▸ **What the task requires**
Your copy of the lines below must match them exactly and contain no images.

▸ **Information supplied**
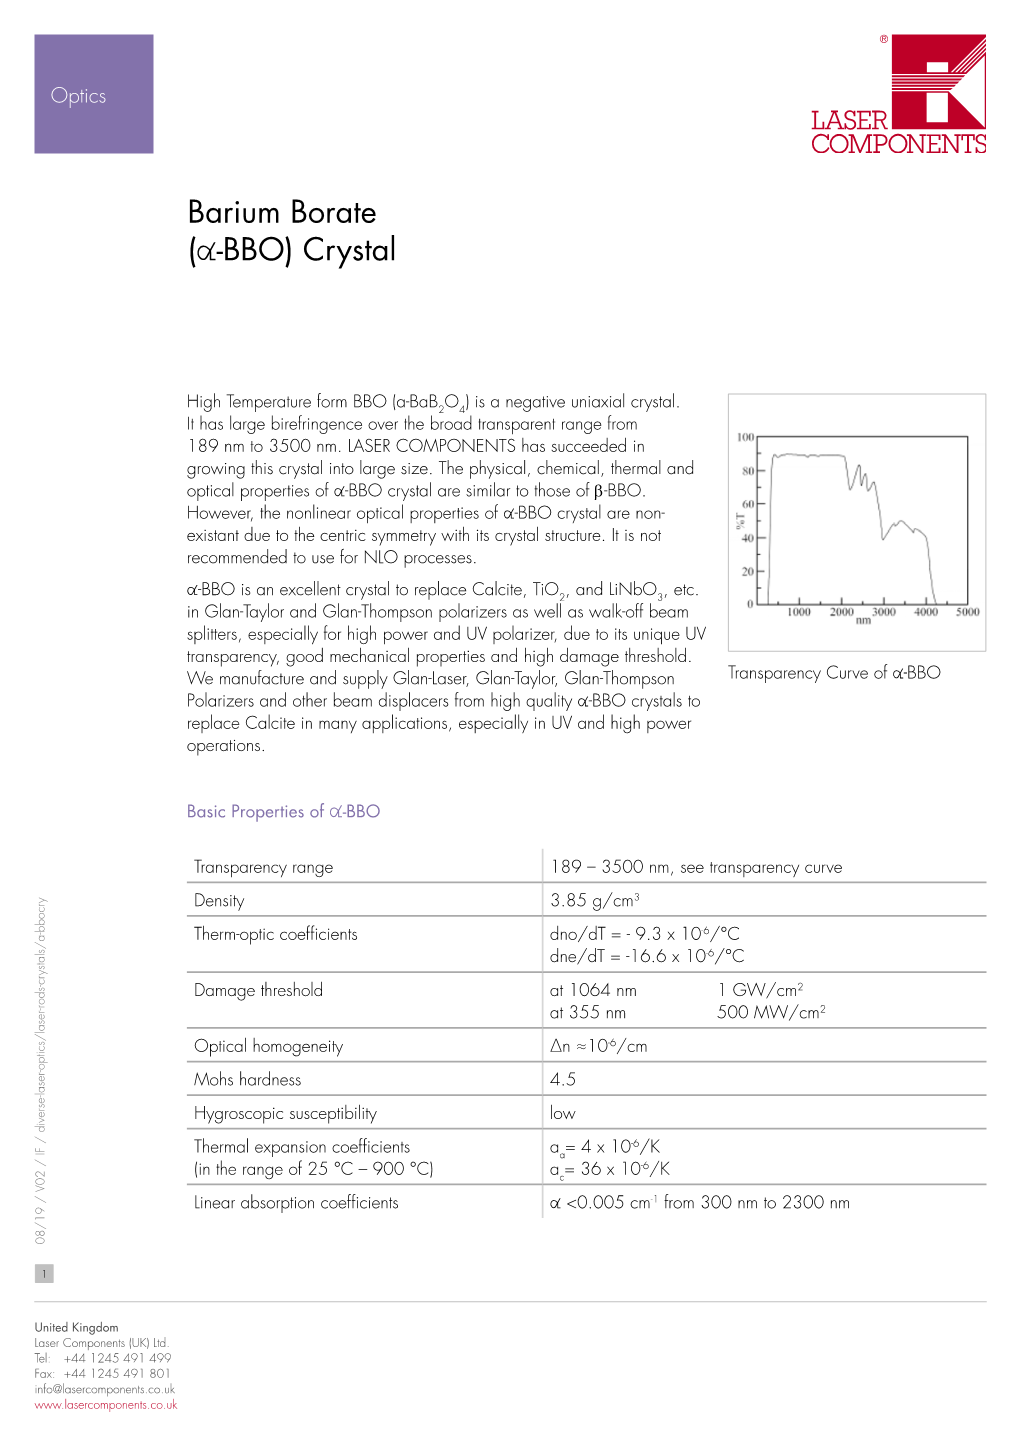 Barium Borate Crystal
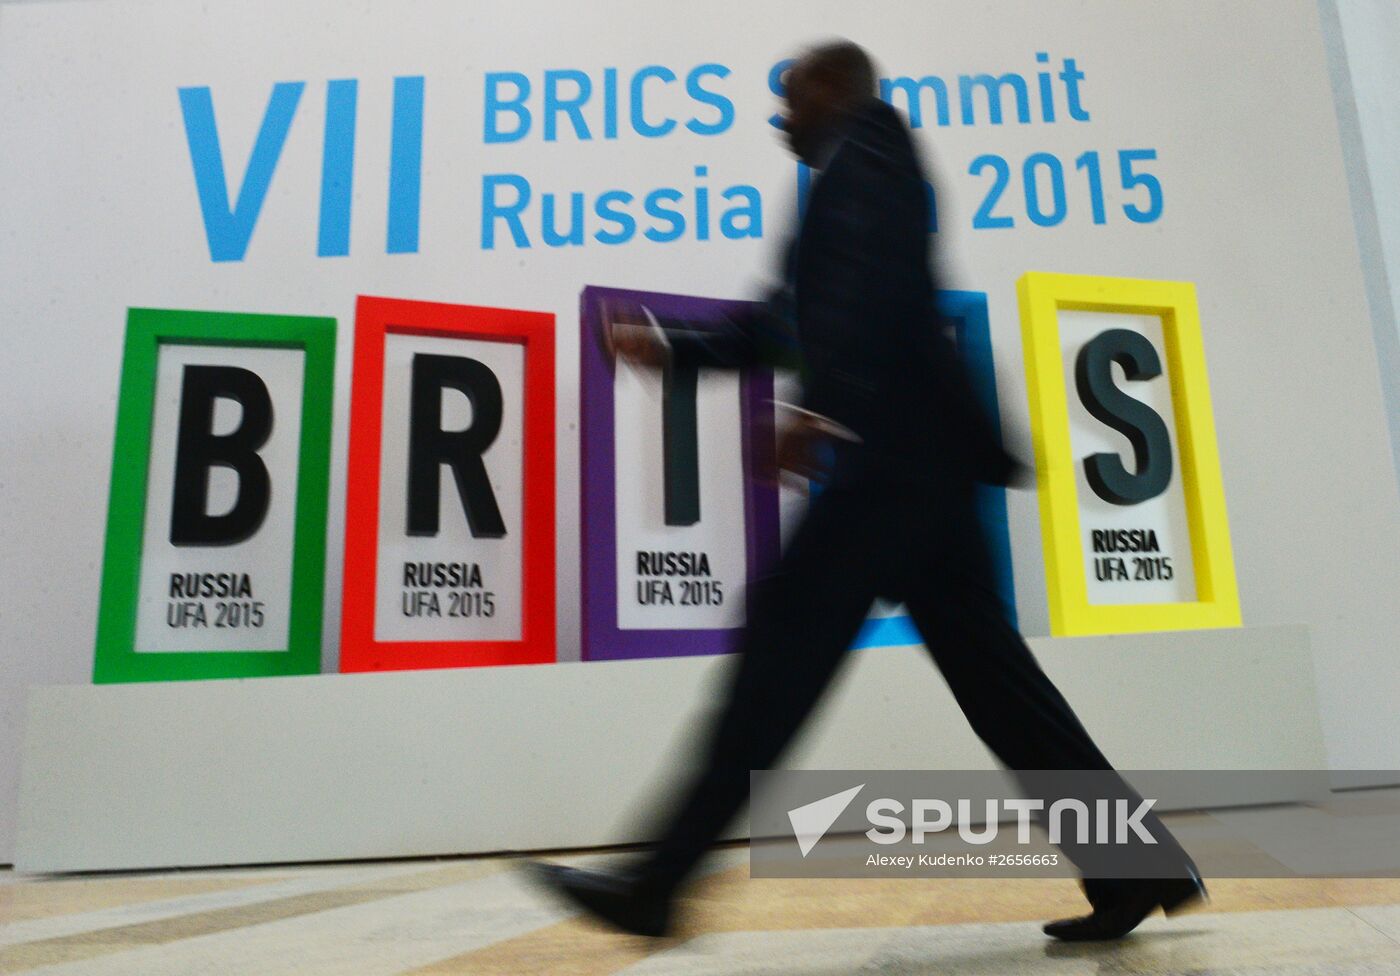 The logo of the BRICS Summit
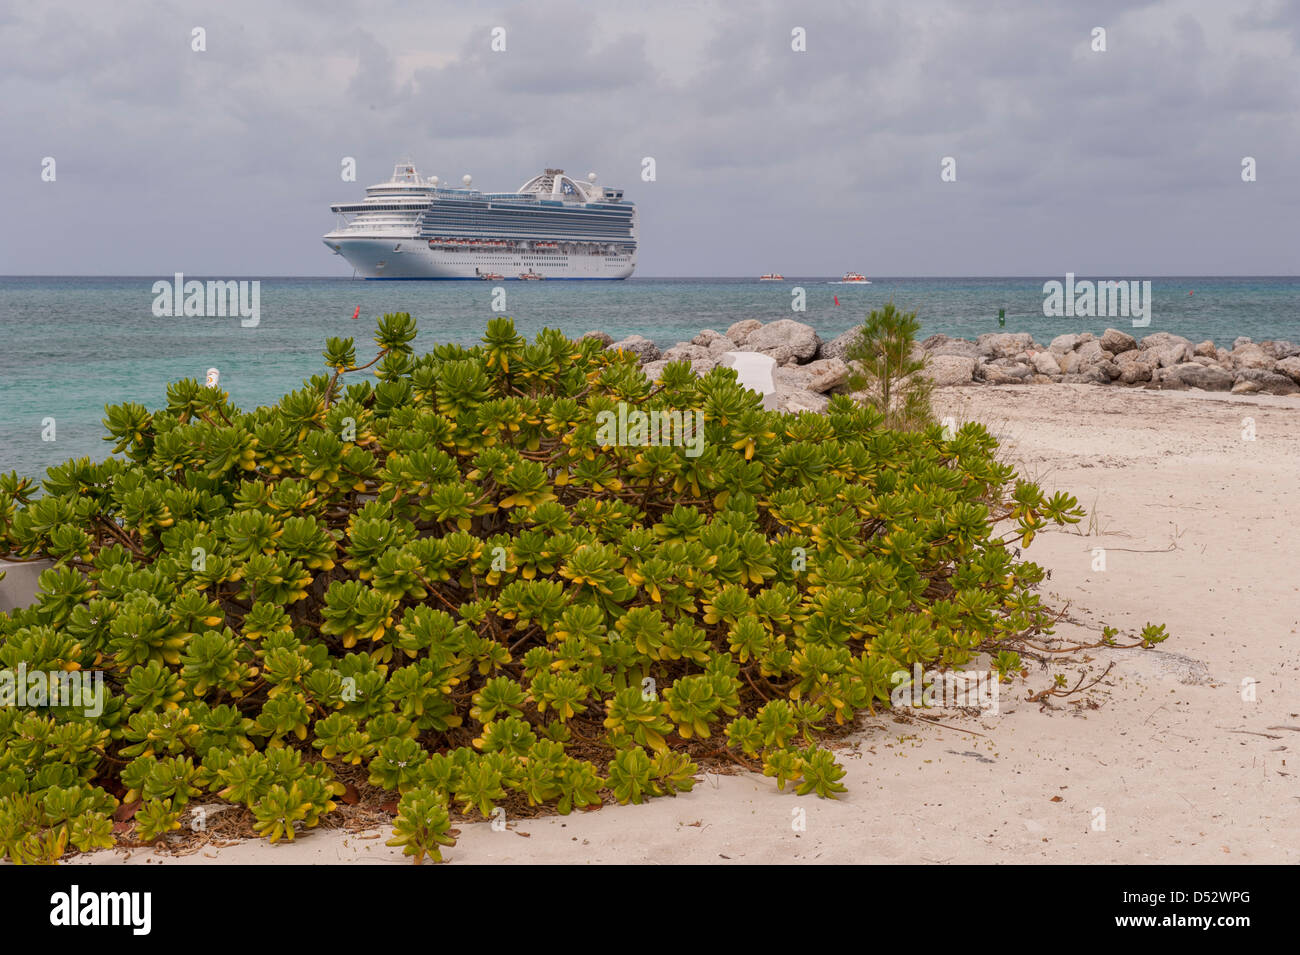 Bahamas, Eleuthera, Princess Cays, Crown Princes, cruise ship Stock Photo
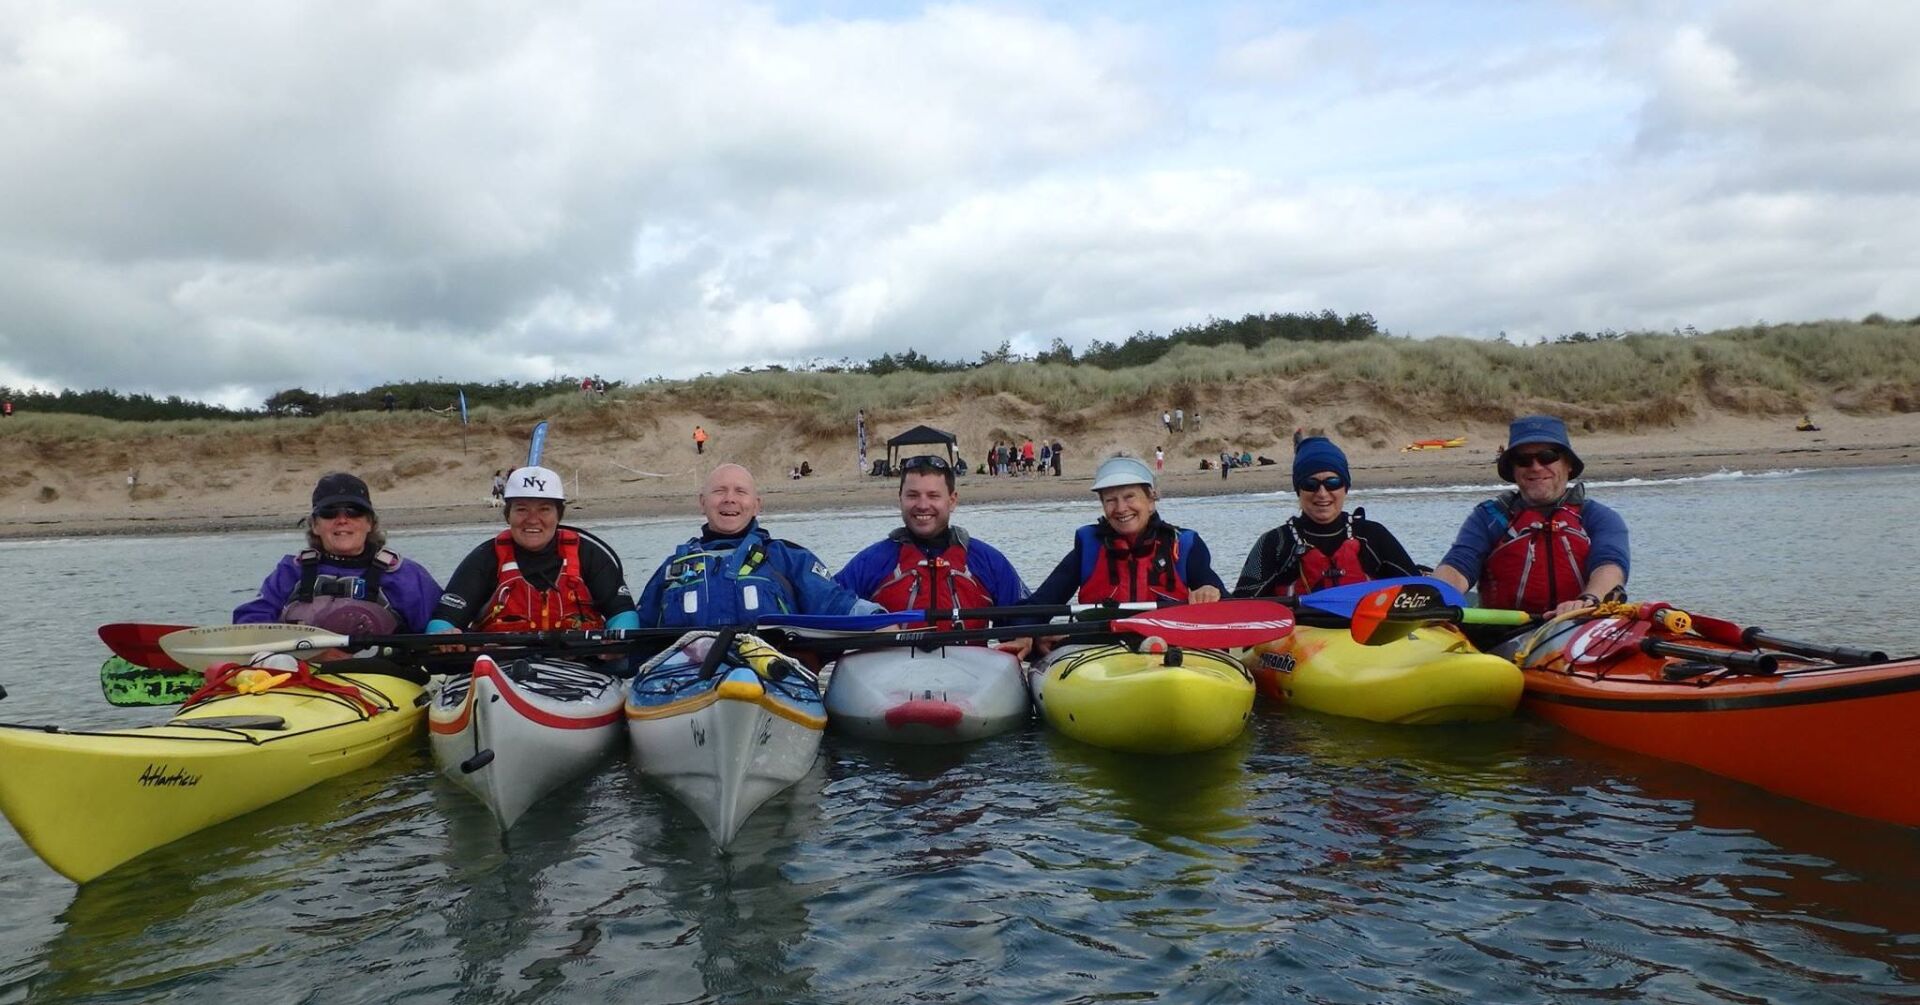 Photo of members of Amlwch Canoe Club in kayaks on the water

▸ **Exercise answer**
 Barium Borate Crystal
 The logo of the BRICS Summit
 Bahamas, Eleuthera, Princess Cays, Crown Princes, cruise ship Stock Photo
 Photo of members of Amlwch Canoe Club in kayaks on the water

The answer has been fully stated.